# Phillies Quantitative Analyst Take-Home
### Author: Ryan Williams
### Date: [Submission Date]

This notebook addresses Question 11 of the Phillies take-home assessment. The objective is to predict each player’s **2024 Strikeout Percentage (K%)** using prior seasons' data, and optionally incorporating supplemental information to improve predictive power.

We follow a structured workflow:
- Exploratory Data Analysis
- Baseline Linear Model
- Advanced ML Model (LightGBM)
- Optional: External Feature Augmentation (e.g., fastball velocity via `pybaseball`)
- Evaluation & Prediction


In [None]:
# Imports
import pandas as pd
import numpy as np
import matplotlib.pyplot as plt
import seaborn as sns
from sklearn.linear_model import LinearRegression, RidgeCV
from sklearn.model_selection import train_test_split, cross_val_score
from sklearn.metrics import mean_squared_error, r2_score
import lightgbm as lgb
# Optional: pybaseball for supplemental data
# from pybaseball import pitching_stats

sns.set(style='whitegrid')

## Load Data
We begin by loading `k.csv`, which contains:
- Player identifiers (MLBAMID, FanGraphs ID)
- Age and season
- Total Batters Faced (TBF) and Strikeout Percentage (K%)

In [None]:
df = pd.read_csv('k.csv')
df.head()

## Exploratory Data Analysis (EDA)
- Examine K% distribution by season
- TBF trends by age
- Visualize player-level trajectories if useful

In [None]:
df['Season'] = df['Season'].astype(int)
df['Age'] = df['Age'].astype(float)

sns.histplot(data=df, x='K%', bins=30, kde=True)
plt.title('Strikeout % Distribution')
plt.show()

## Feature Engineering
We will pivot the dataset so each row is a player, with past season stats as features.

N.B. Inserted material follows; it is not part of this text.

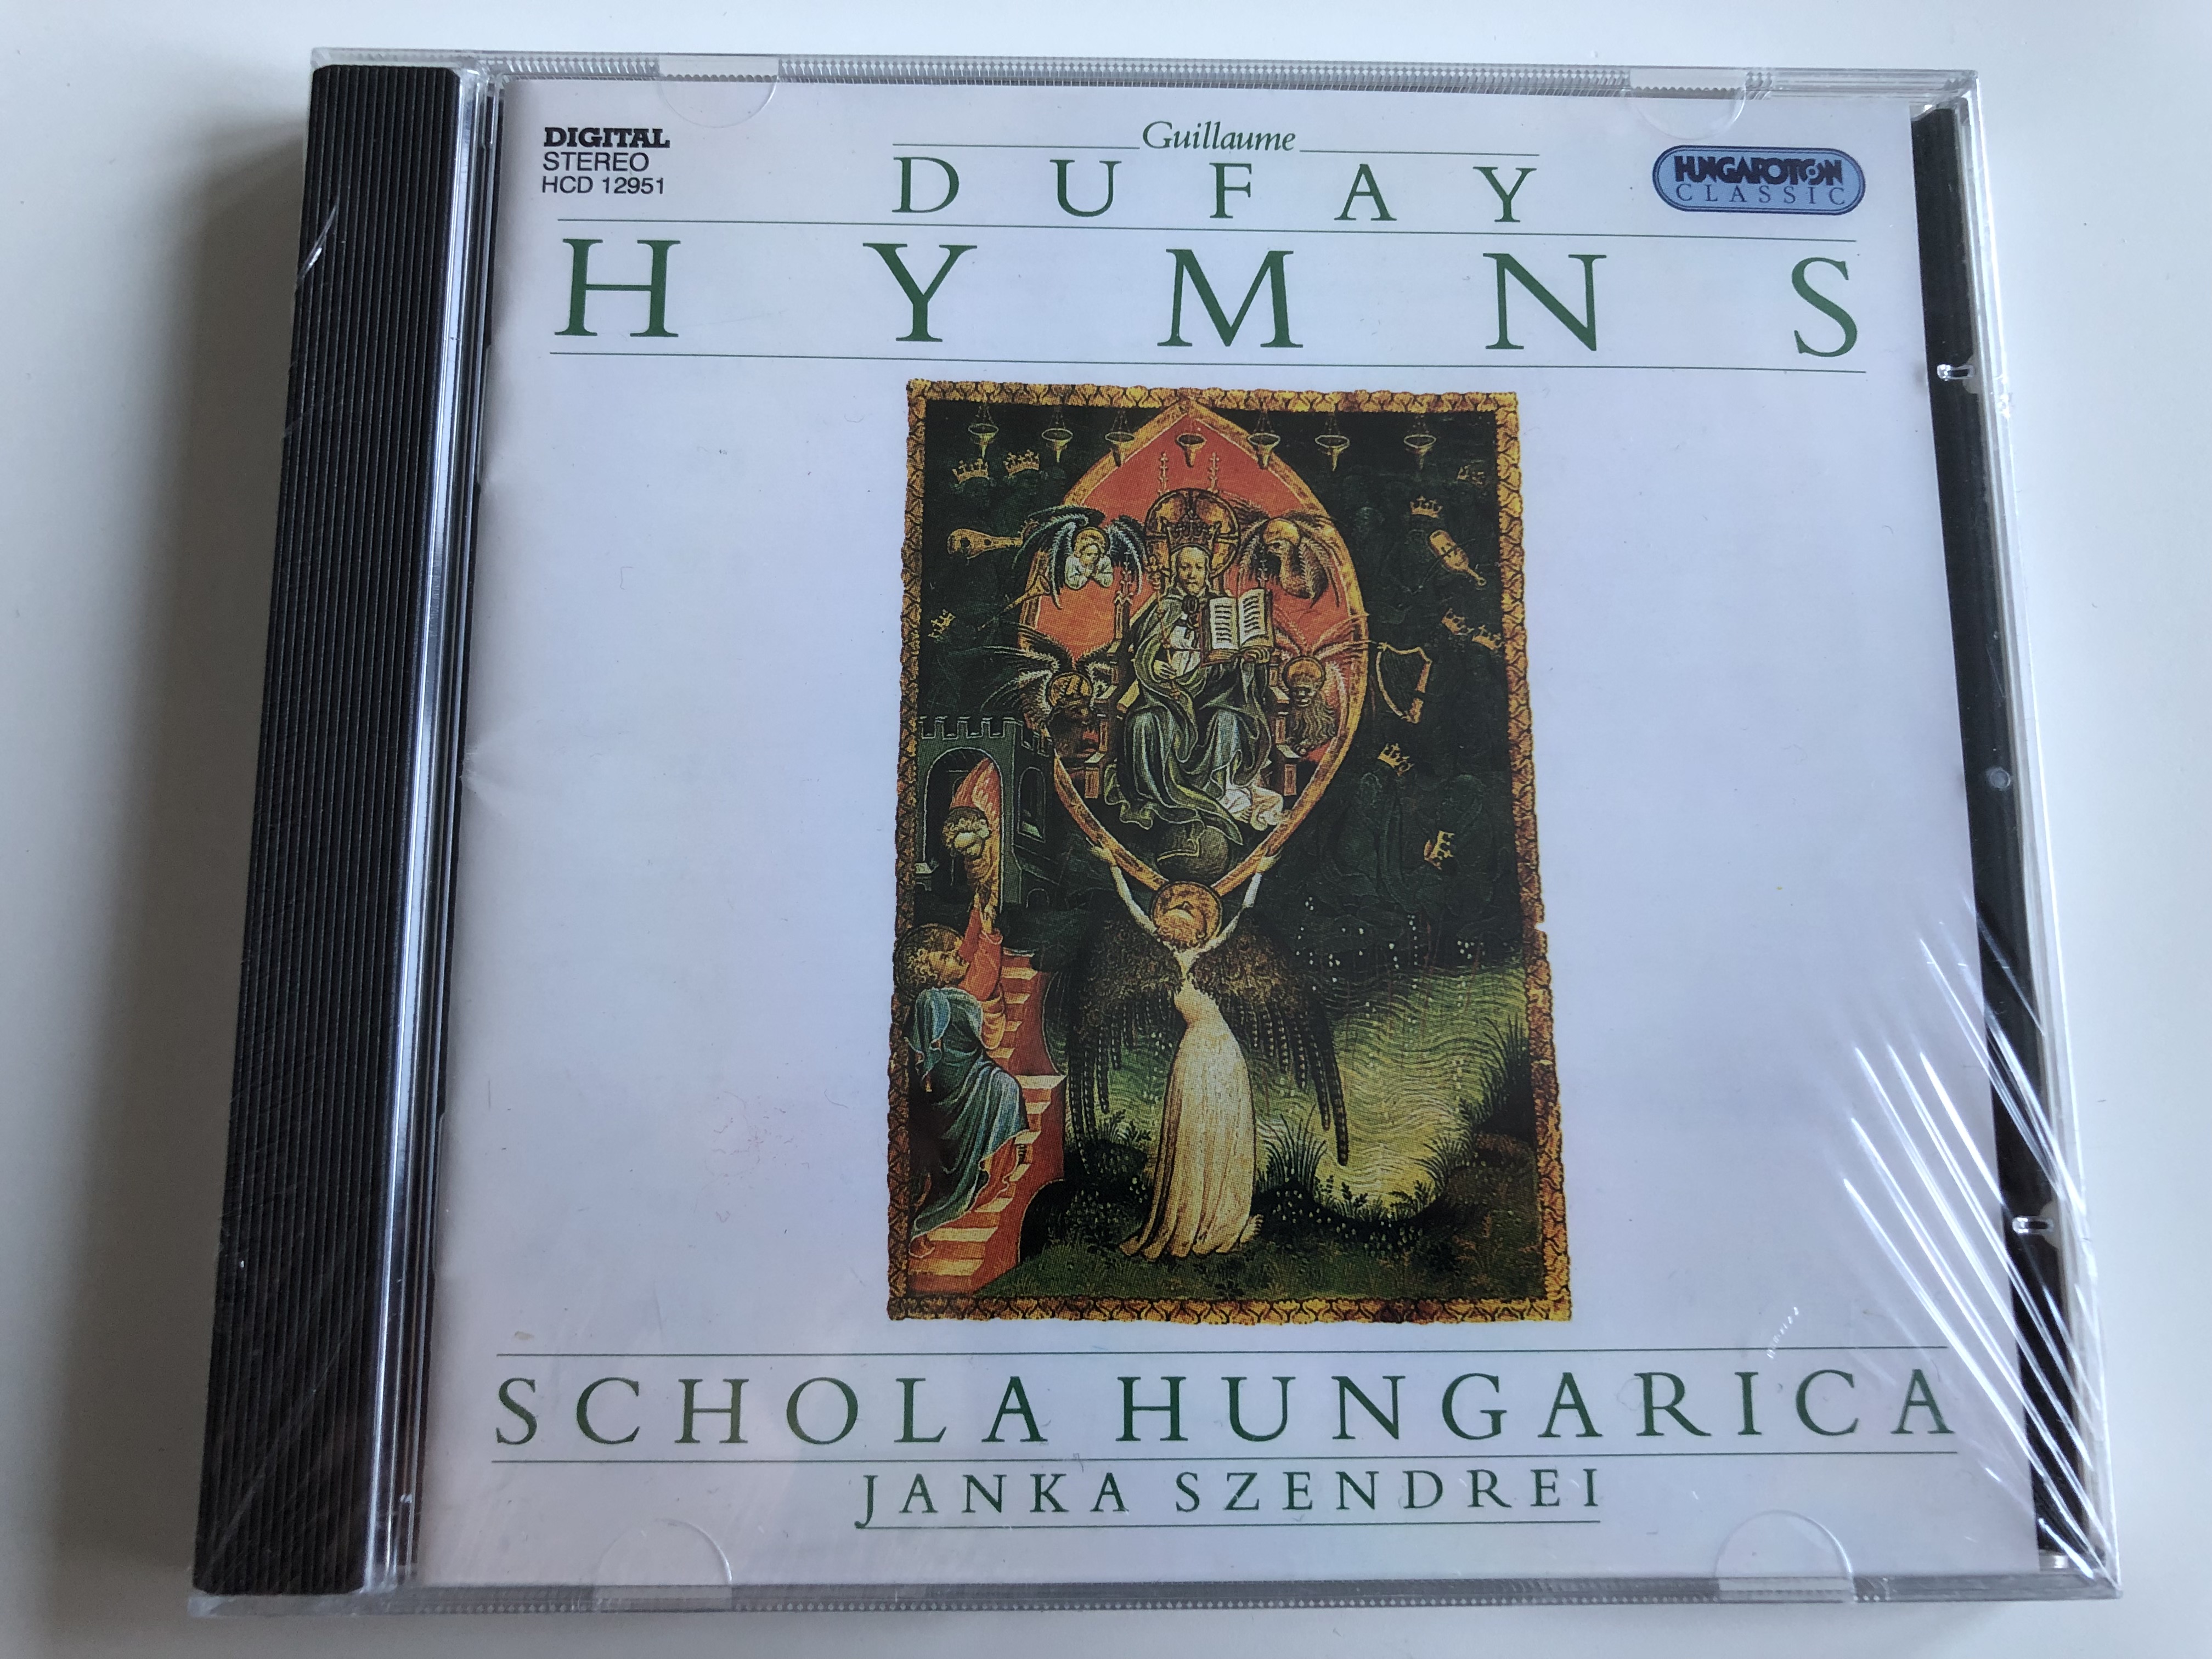 guillaume-dufay-hymns-schola-hungarica-janka-szendrei-hungaroton-classic-audio-cd-1995-stereo-hcd-12951-1-.jpg

- Encode prior years' K% and TBF as features
- Compute year-over-year deltas
- Optional: include player age or trend features

In [None]:
# Example preprocessing stub
def preprocess_for_modeling(df):
    df = df.sort_values(['MLBAMID', 'Season'])
    features = []
    targets = []
    for pid, group in df.groupby('MLBAMID'):
        group = group.reset_index(drop=True)
        if len(group) < 2:
            continue
        for i in range(1, len(group)):
            row = {
                'Prev_K%': group.loc[i-1, 'K%'],
                'Prev_TBF': group.loc[i-1, 'TBF'],
                'Age': group.loc[i, 'Age']
            }
            features.append(row)
            targets.append(group.loc[i, 'K%'])
    return pd.DataFrame(features), pd.Series(targets)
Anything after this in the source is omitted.